Позвали. Воробьев пришел.
— Ты выбил стекло?
— Я, — как по-заученному, выпалил Воробьев.
— Что ты на это скажешь, Семин? — победоносно спросил директор моего школьного товарища.
— Он врет! — ответил Семин.
— Какой ему резон врать? Если бы он отпирался, тогда другое дело. Но он признается. Не вижу логики!
— Он врет! — повторил Семин, который видел логику.
— Отстань ты! — лениво буркнул Воробьев и тайком погрозил Семину кулаком, — Я выбил.
— Теперь ты убедился? — Директор торжествующе трепал по холке бронзового коня.
— А Воробьев стекло не выбивал!
— Во-он! — тихо сказал директор, и его розовая голова стала пунцовой.
Так была упущена еще одна возможность раз и навсегда покончить с выбитым стеклом. История продолжалась.
В классе шел сбор, посвященный сбору колосков в подшефном колхозе. Все шумно обсуждали колоски. Спорили. Брали обязательства. Мой товарищ поднял руку.
— Обязуюсь собрать мешок колосков, — сказал он и тут же добавил: — А Воробьев стекло не выбивал!
— Какой Воробьев? Какое стекло? — растерялась вожатая. — Ведь мы говорим о колосках!
— Так я и говорю о колосках, — сказал Марк Порций Катон Старший. — А Воробьев стекло не выбивал.
— Выбил, — мрачно сказал Воробьев: он был верен уговору, держал слово.
— Ну конечно, выбил, — подхватила вожатая, — а колоски…
— Не выбивал, — стоически повторил двойник римского цензора.
— Семин, ты говоришь не на тему, — огорчилась вожатая. — Не срывай сбор, посвященный сбору…
— Я за колоски! А Воробьев стекло не выбивал!
На вечере самодеятельности Семину поручили читать стихотворение Пушкина «Вьюга». Он вышел на сцену, заложил руки за спину, привстал на носочки и объявил:
— Стихотворение Александра Сергеевича Пушкина «Вьюга», — потом еще выше привстал на носочки и выдохнул: — А Воробьев стекло не выбивал!
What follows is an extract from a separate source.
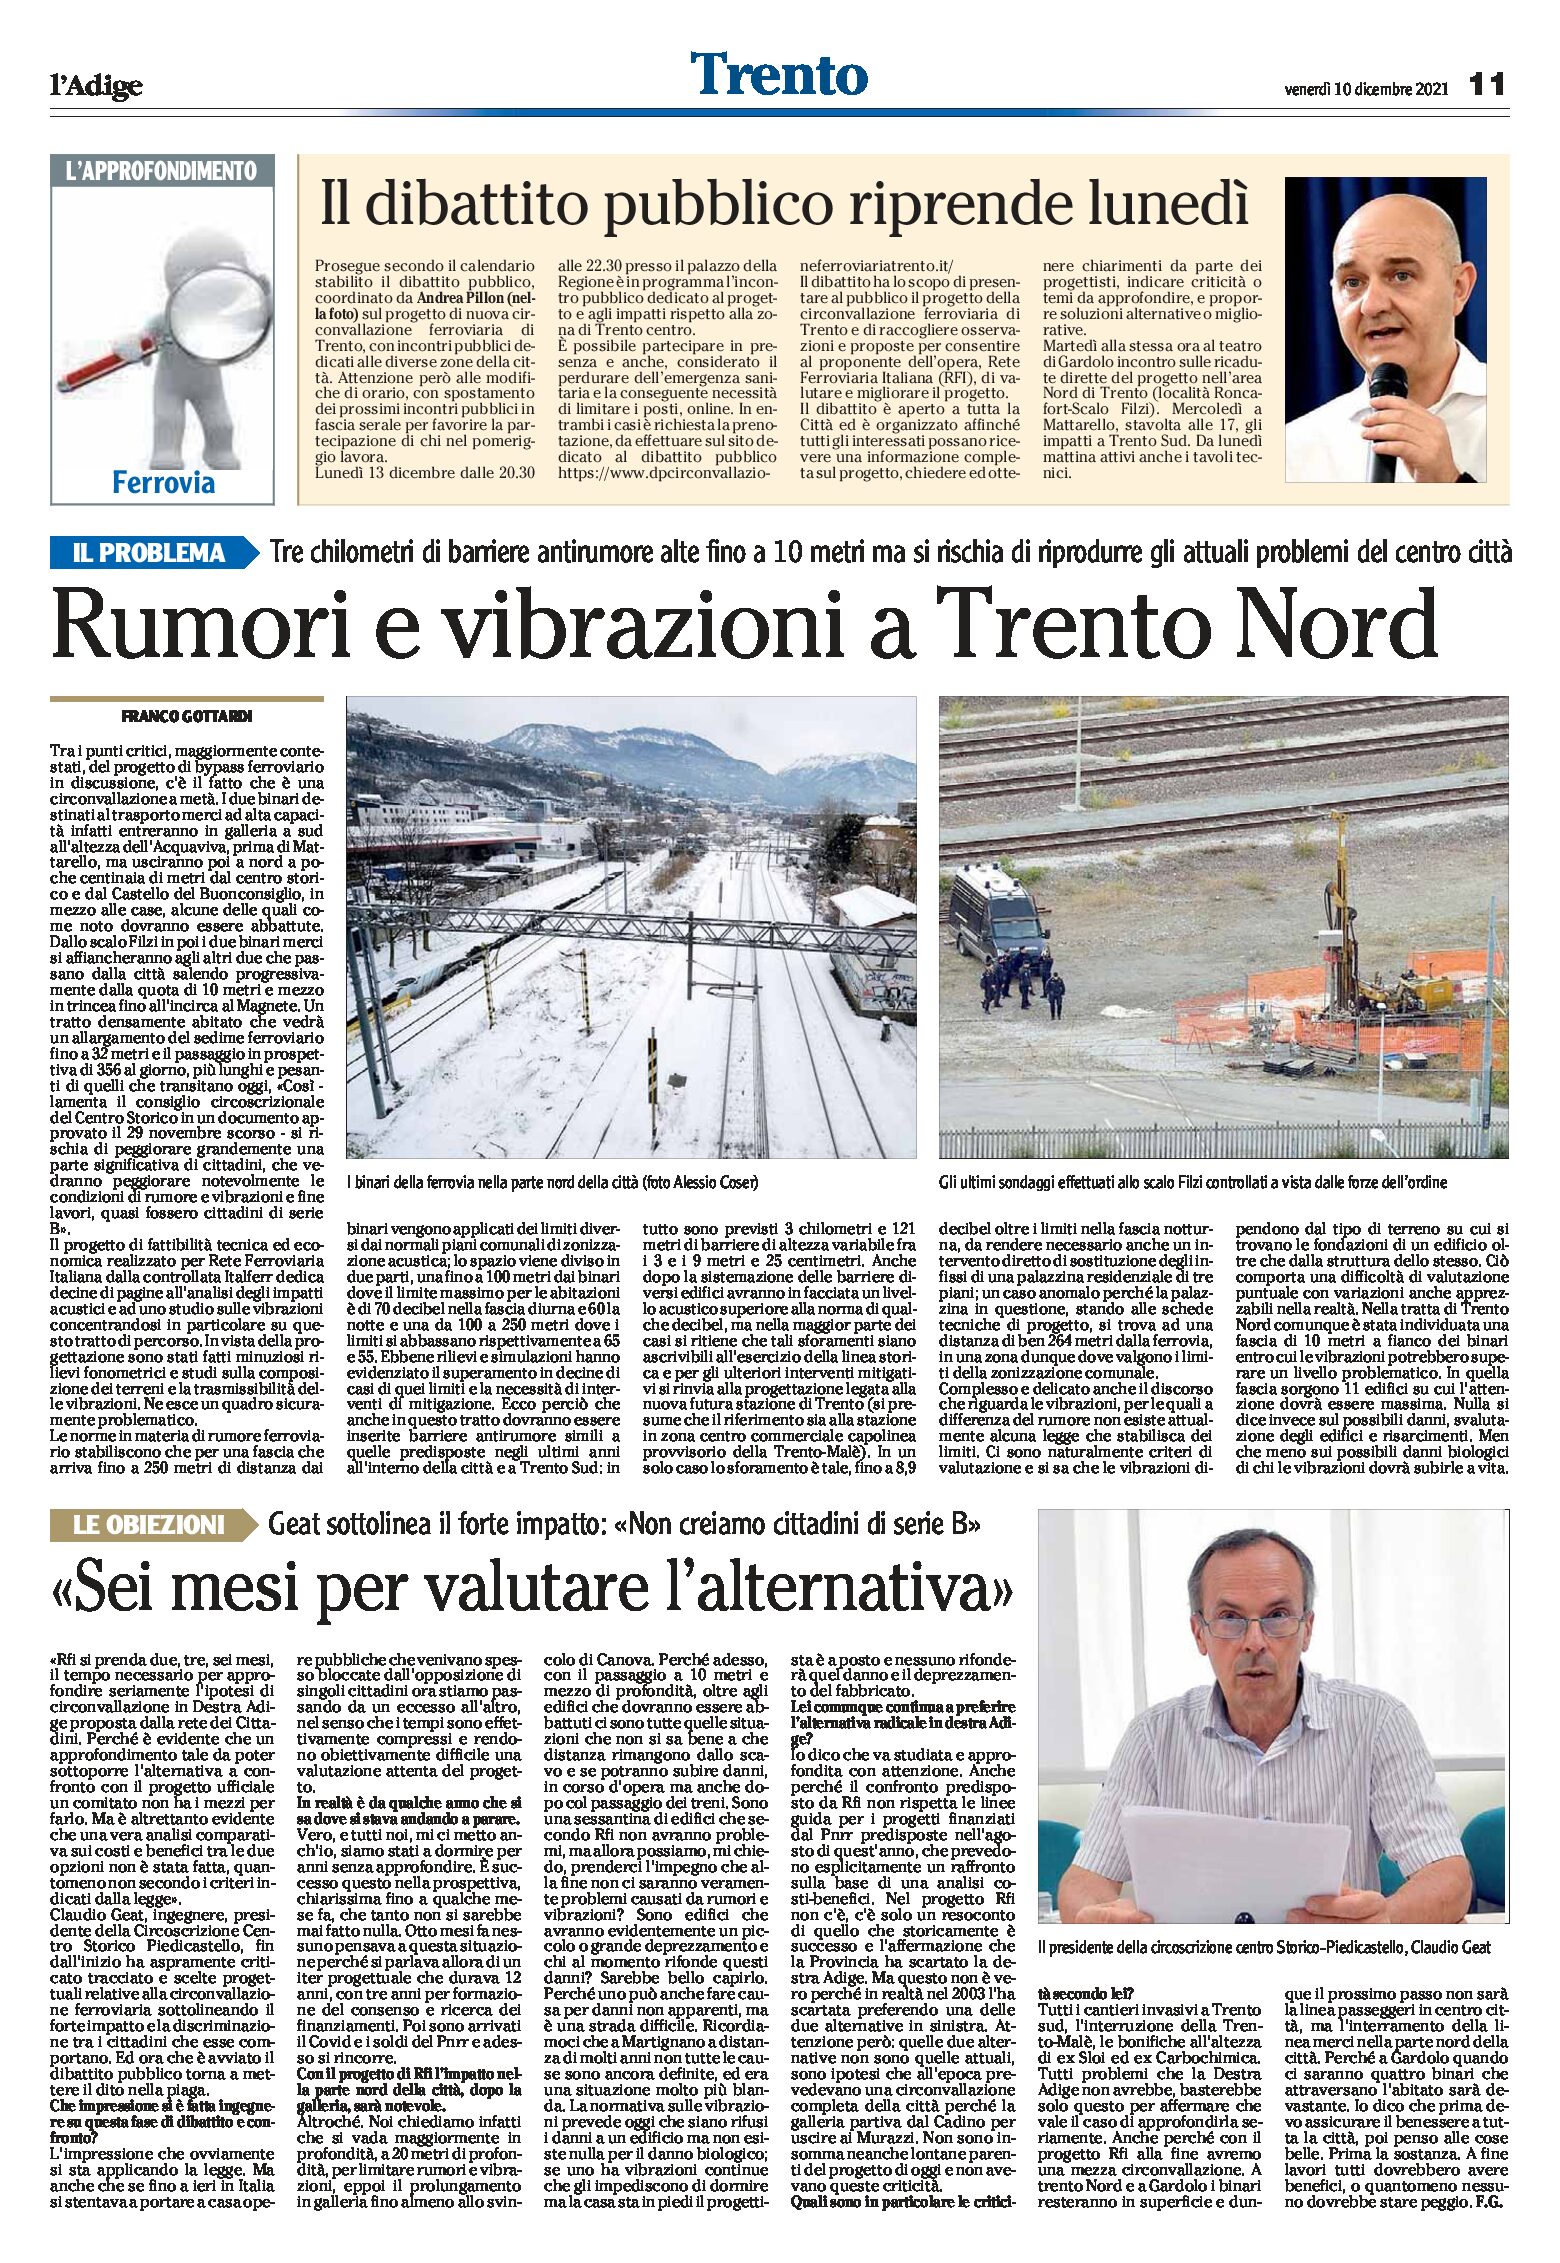 Trento, bypass ferroviario: dibattito, problemi e intervista a Geat

Он произнес эту фразу горячо и вдохновенно, как строку пушкинского стихотворения. Зал загудел. Засмеялся. Захлопал.
А Марк Порций Катон Старший смотрел в темный зал и широко улыбался. Он думал: ребята хлопают, шумят и смеются потому, что согласны с ним. Он вдохнул поглубже и радостно стал читать стихотворение:
Буря мглою небо кроет,
Вихри снежные крутя;
То, как зверь, она завоет,
То заплачет, как дитя…
В зале стоял гул, шумели, но он не слышал шума, он читал с душевным жаром, и ему казалось, что пушкинские строки подтверждают его правоту. Директор, сидящий в первом ряду, поднялся со стула и пошел прочь, сказав, чтобы Семина немедленно прислали к нему.
Прямо со сцены Семина подвели к дверям директорского кабинета.
К тому времени фанеру уже успели исписать и изрисовать вольностями, ее пришлось выкинуть. На ее место вставили толстое шершавое стекло, как бы покрытое морозным инеем. Семин постучал в новое стекло. Вошел.
— Долго это будет продолжаться? — спросил директор.
— Что… продолжаться? — спросил мальчик.
— «А Воробьев стекло не выбивал»! — голосом Семина произнес директор.
Семин немного подумал и тихо сказал:
— Всегда.
Тогда директор положил обе руки на спину бронзовой лошади и сказал:
— Среди древних римлян тоже встречались чудаки. Калигула, например, мечтал сделать своего любимого коня консулом и приводил его в сенат. А цензор Марк Порций Катон Старший все речи в сенате начинал словами: «Карфаген должен быть разрушен!», но так и не дожил до того дня, когда римляне смели с лица земли этот прекрасный город. Кто же ты? — спросил директор моего школьного товарища Семина. — Калигула или Марк Порций?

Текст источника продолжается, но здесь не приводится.